Published in final edited form as: Bioorg Med Chem Lett. 2008 Jun 28;18(15):4312–4315. doi: 10.1016/j.bmcl.2008.06.087

Molecular Modeling of a PAMAM-CGS21680 Dendrimer Bound to an A2A Adenosine Receptor Homodimer

Andrei A Ivanov 1, Kenneth A Jacobson 1,
PMCID: PMC2536597  NIHMSID: NIHMS64956  PMID: 18639453

Abstract

The theoretical possibility of bivalent binding of a dendrimer, covalently appended with multiple copies of a small ligand, to a homodimer of a G protein-coupled receptor was investigated with a molecular modeling approach. A molecular model was constructed of a third generation (G3) poly(amidoamine) (PAMAM) dendrimer condensed with multiple copies of the potent A2A adenosine receptor agonist CGS21680. The dendrimer was bound to an A2A adenosine receptor homodimer. Two units of the nucleoside CGS21680 could occupy the A2A receptor homodimer simultaneously. The binding mode of CGS21680 moieties linked to the PAMAM dendrimer and docked to the A2A receptor was found to be similar with the binding mode of a monomeric CGS21680 ligand.


G protein-coupled receptors (GPCRs) are transmembrane proteins which comprise a large and diverse superfamily of proteins. These receptors consist of seven transmembrane α-helices (TMs) connected by three extracellular and three intracellular loops. Besides the evidence that some GPCRs can function as monomeric units1, mounting evidence supports the critical functional role of homo- and heterodimerization and oligomerization of GPCRs.2 It was shown that homo- and heterodimerized GPCRs display different pharmacological properties as compared with monomeric receptors.3

It was proposed that GPCR dimers can be activated or inhibited by bivalent ligands.4 In general, a bivalent ligand consists of two pharmacophore units connected by a spacer.5 Theoretically, but not necessarily, such bivalent ligands could occupy each of two units of a GPCR dimer simultaneously.

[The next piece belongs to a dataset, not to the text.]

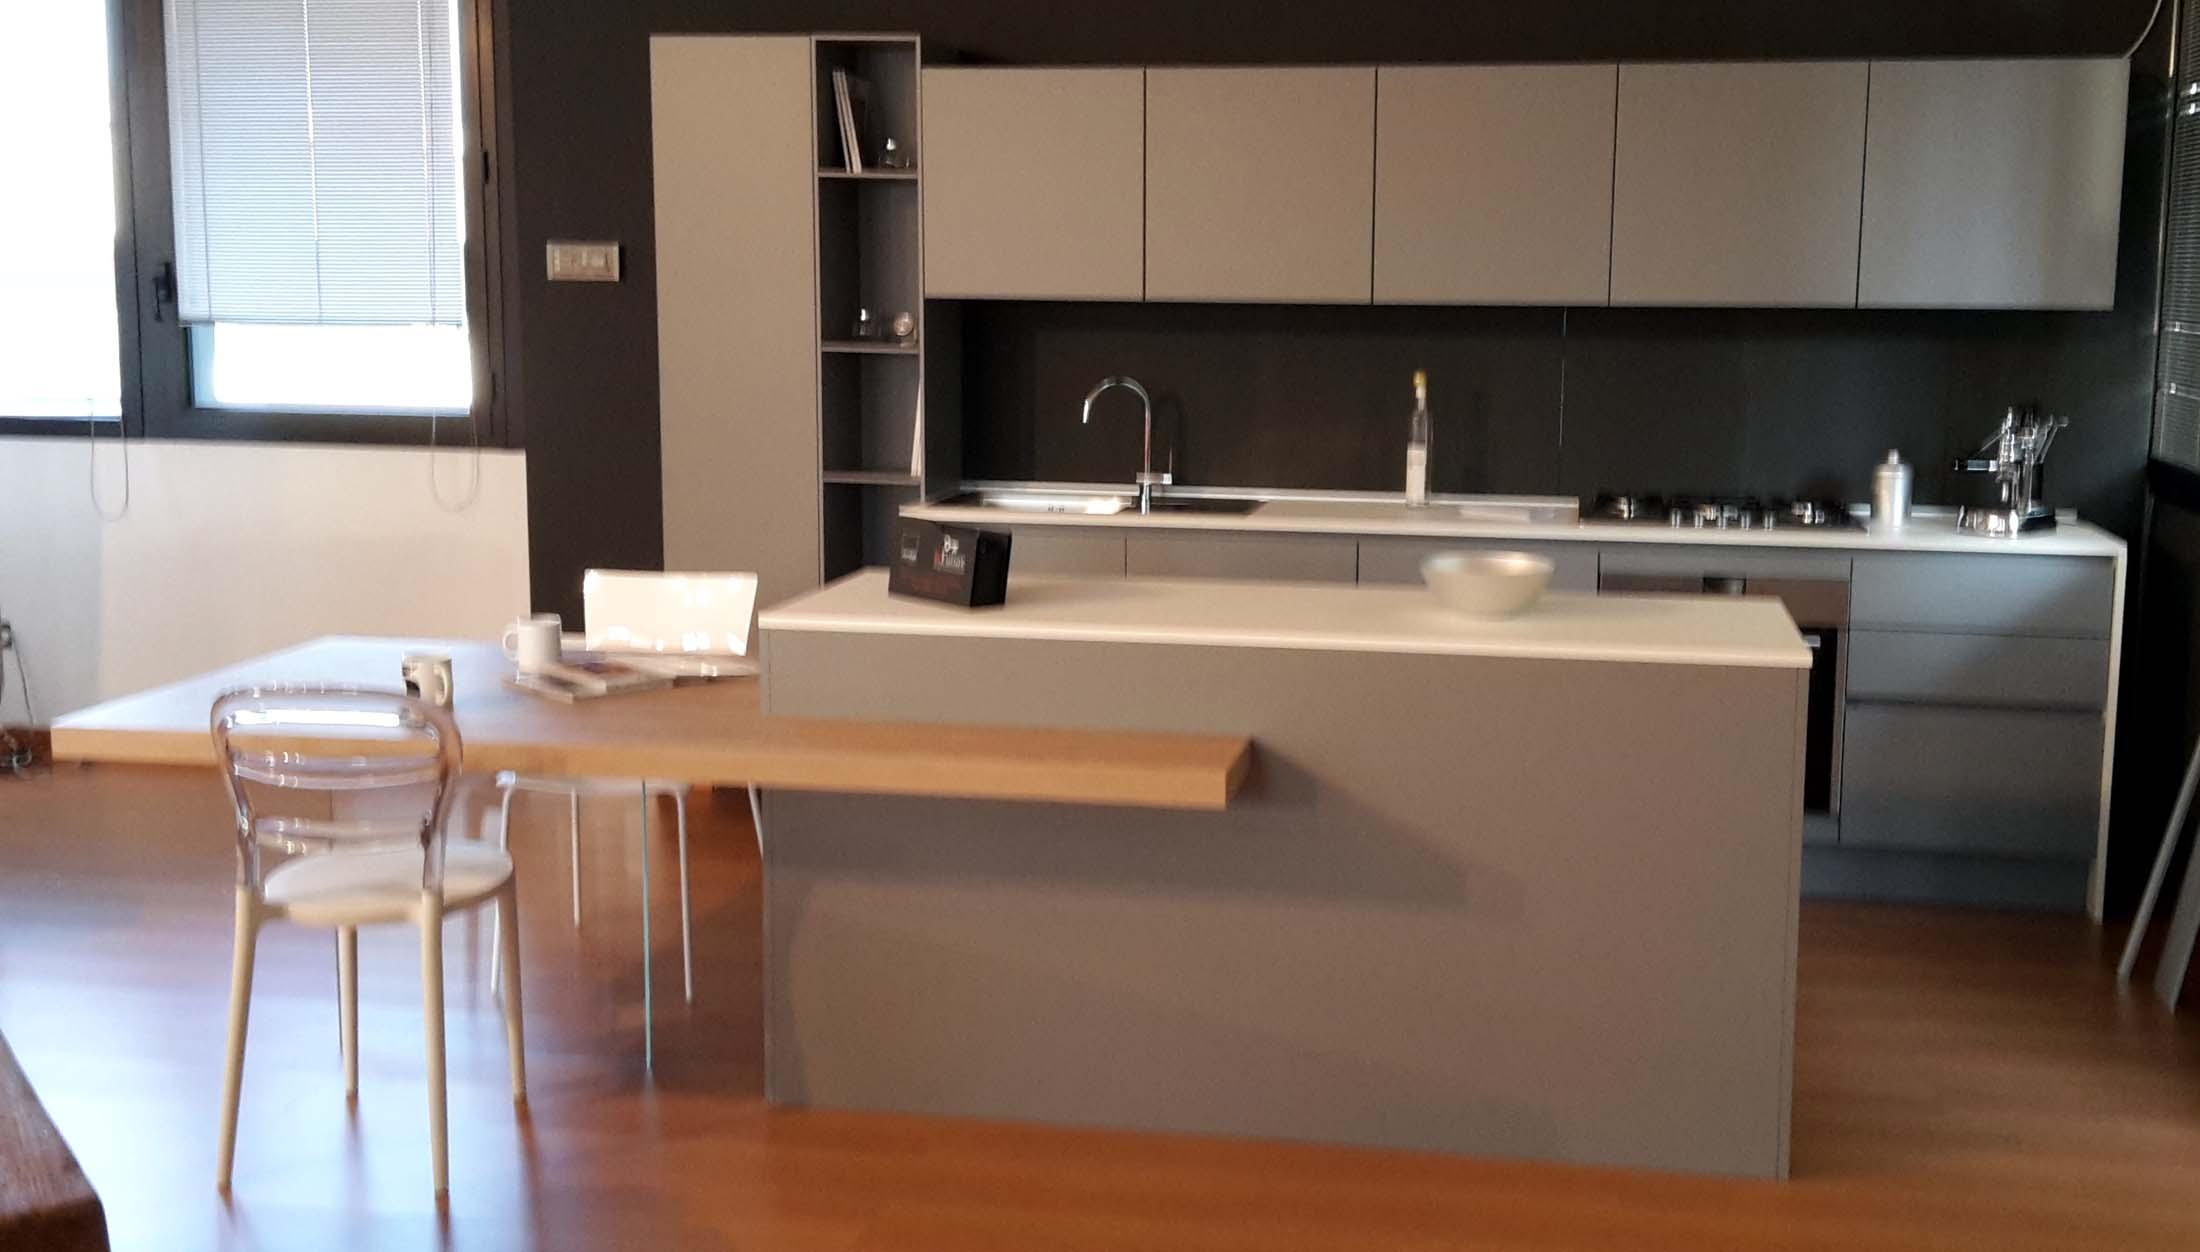 Arrital O Veneta Cucine | madgeweb.com idee di interior design

Numerous studies have addressed to the design of bivalent ligands for GPCRs, and several examples of potent bivalent ligands were reported for various receptors, including opioid, serotonin, muscarinic and other receptors.6,7

Recently, we have demonstrated that GPCRs can be activated not only by monomeric or bivalent ligands, but also by multivalent ligands. We have reported that intracellular signal transduction across the A2A adenosine receptor (AR) can be induced by the A2A AR agonist 2-[4-(2-carboxylethyl)phenylethylamino]-5′-N-ethylcarboxamidoadenosine (CGS21680 1) coupled covalently to a PAMAM dendrimer.8 A2A AR agonists are known to display a potent antiaggregatory effect in human platelet preparations. Our functional assay clearly demonstrated a potent antiaggregatory effect of the PAMAM-CGS21680 dendrimer on platelet aggregation.

However, there is no experimental evidence that CGS21680 units coupled to the PAMAM dendrimer can occupy more than one subunit of the A2A AR simultaneously. In the present study we utilize computational molecular modeling to investigate if the bivalent binding of PAMAM-CGS21680 to an A2A AR dimer is theoretically allowed.

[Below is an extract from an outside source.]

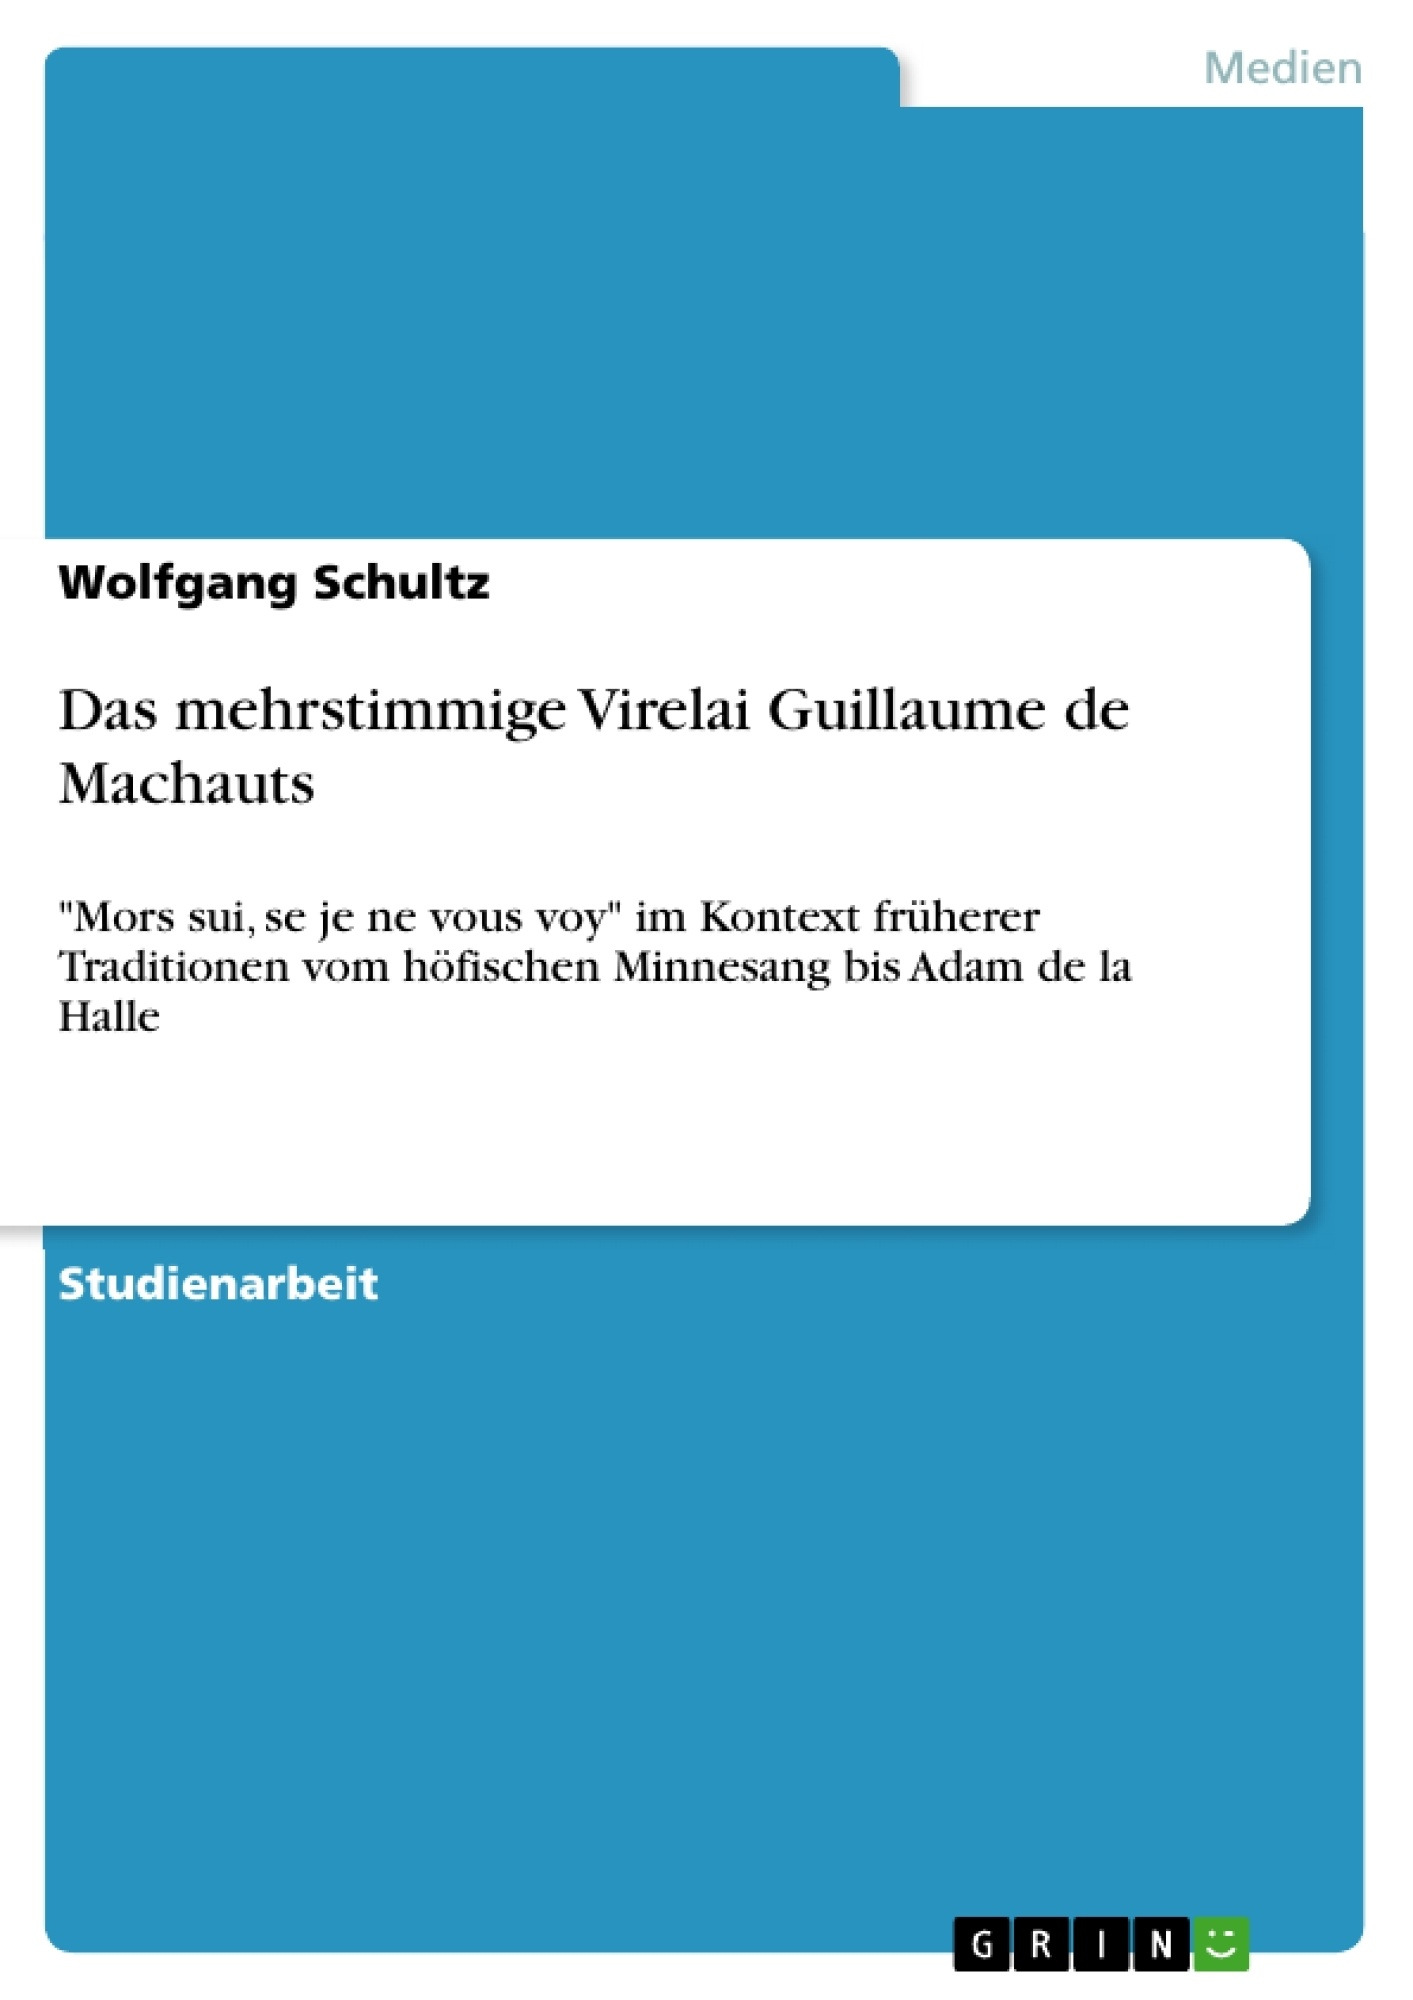 Titel: Das mehrstimmige Virelai Guillaume de Machauts

At the first stage, the molecular docking of CGS21680 1 to the A2A AR monomer was performed automatically with the Glide XP software.9 Our recently published molecular model of (E)-N-ethyl-1′-deoxy-1′-[6-amino-2-(5-phenyl-1-penten-1-yl)-9H-purin-9-yl]- β-D-ribofuranuronamide (2-phenylpentenyl-NECA) bound to the A2A AR was utilized for the docking studies.10 The Protein Preparation Wizard of the MacroModel software11 with its default parameters was used to prepare the model of the A2A AR for the Glide calculations. The center of the box for the molecular docking of CGS21680 was placed in the center of 2-phenylpentenyl-NECA. The length of 28.44 Å was used for all box sides. Since the binding site of the initial A2A AR model was optimized to fit 2-phenylpentenyl-NECA, which is a structurally similar to CGS21680, no additional refinement of the receptor binding site was performed. Not surprisingly, the binding mode of CGS21680 at the A2A AR was found to be similar to the binding mode of 2-phenylpentenyl-NECA and to other agonists of ARs.1115 In particular, His278 (7.43) appeared in proximity to the 2′- and 3′-hydroxyl groups of the ligand (see Supplementary data). Amino acid residue numbers shown in parentheses correspond to the Ballesteros-Weinstein numbering system that relates its relative position on a particular helix.16 Thr88 (3.36) and Ser277 (7.42) were involved in H-bonding interactions with the amido group of the N-ethylcarboxamido moiety. The N6-amino group of CGS21680 formed an H-bond with Asn253 (6.55). In addition, the carboxylic oxygen atom of the 2-[4-(2-carboxylethyl)phenylethylamino] moiety of the ligand established an H-bond with Asn145 (EL2), and the phenyl ring of that moiety could be involved in the π-π interactions with the aromatic ring of Phe168 (EL2).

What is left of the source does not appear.